Mitochondria supply membranes for autophagosome biogenesis during starvation - PubMed (original) (raw)

Mitochondria supply membranes for autophagosome biogenesis during starvation

Dale W Hailey et al. Cell. 2010.

Abstract

Starvation-induced autophagosomes engulf cytosol and/or organelles and deliver them to lysosomes for degradation, thereby resupplying depleted nutrients. Despite advances in understanding the molecular basis of this process, the membrane origin of autophagosomes remains unclear.
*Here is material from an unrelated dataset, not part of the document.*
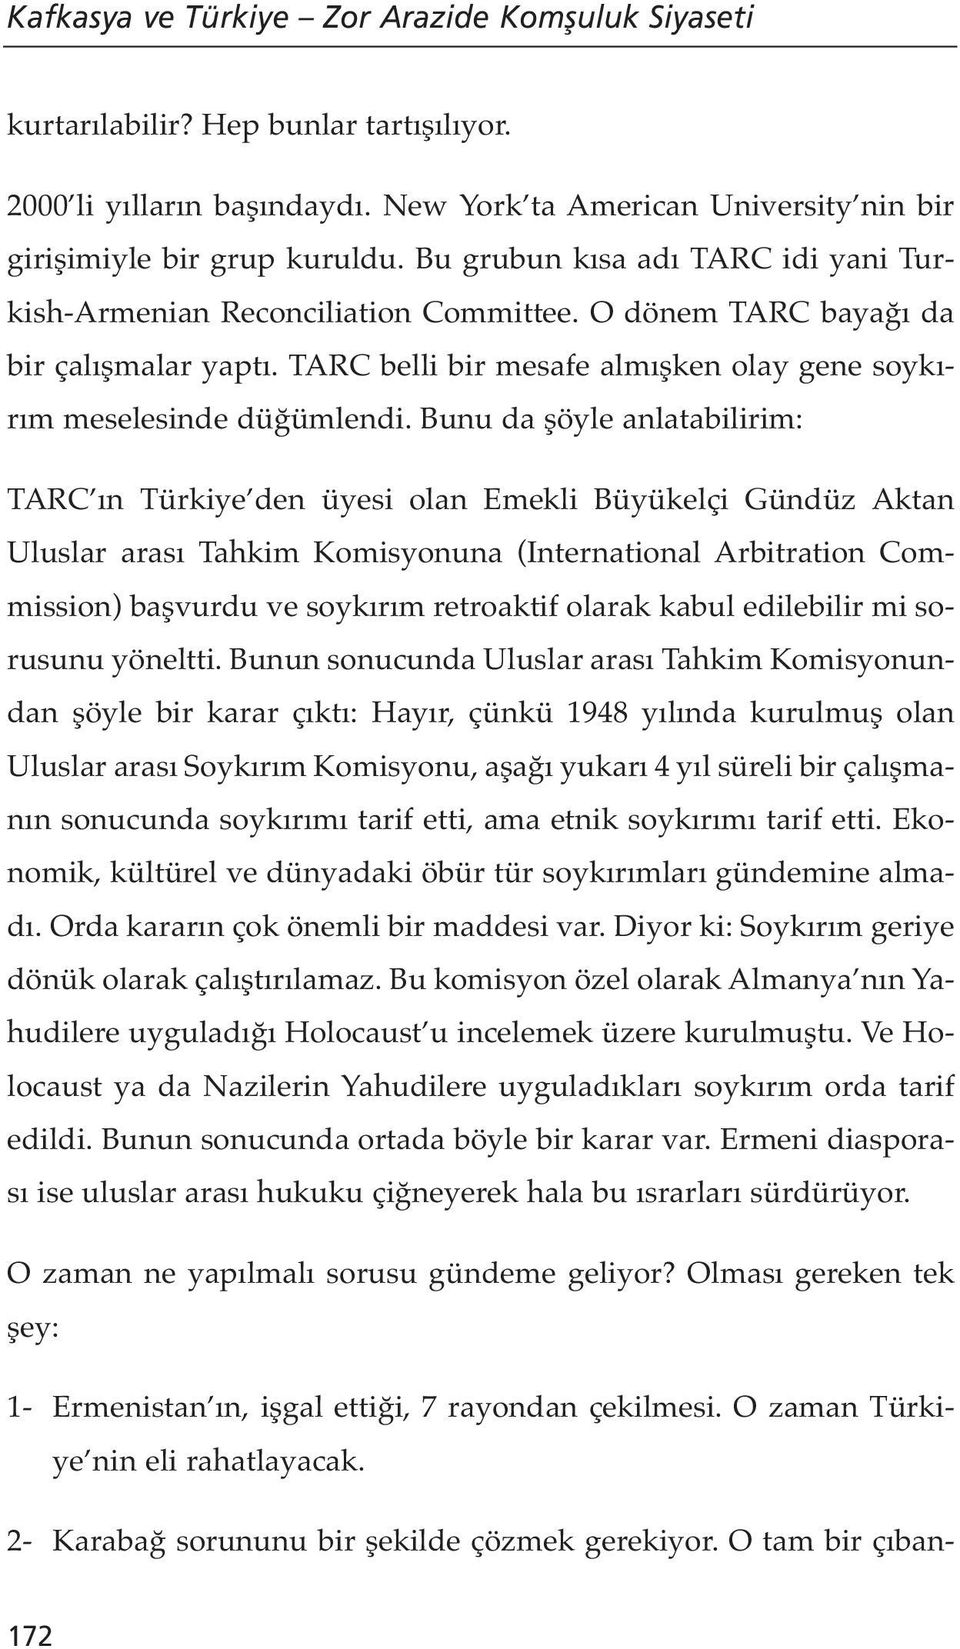 Bunu da şöyle anlatabilirim: TARC ın Türkiye den üyesi olan Emekli Büyükelçi Gündüz Aktan Uluslar arası Tahkim Komisyonuna (International Arbitration Commission) başvurdu ve soykırım retroaktif

Here, we demonstrate that, in starved cells, the outer membrane of mitochondria participates in autophagosome biogenesis. The early autophagosomal marker, Atg5, transiently localizes to punctae on mitochondria, followed by the late autophagosomal marker, LC3. The tail-anchor of an outer mitochondrial membrane protein also labels autophagosomes and is sufficient to deliver another outer mitochondrial membrane protein, Fis1, to autophagosomes. The fluorescent lipid NBD-PS (converted to NBD-phosphotidylethanolamine in mitochondria) transfers from mitochondria to autophagosomes. Photobleaching reveals membranes of mitochondria and autophagosomes are transiently shared. Disruption of mitochondria/ER connections by mitofusin2 depletion dramatically impairs starvation-induced autophagy. Mitochondria thus play a central role in starvation-induced autophagy, contributing membrane to autophagosomes.

Copyright (c) 2010 Elsevier Inc. All rights reserved.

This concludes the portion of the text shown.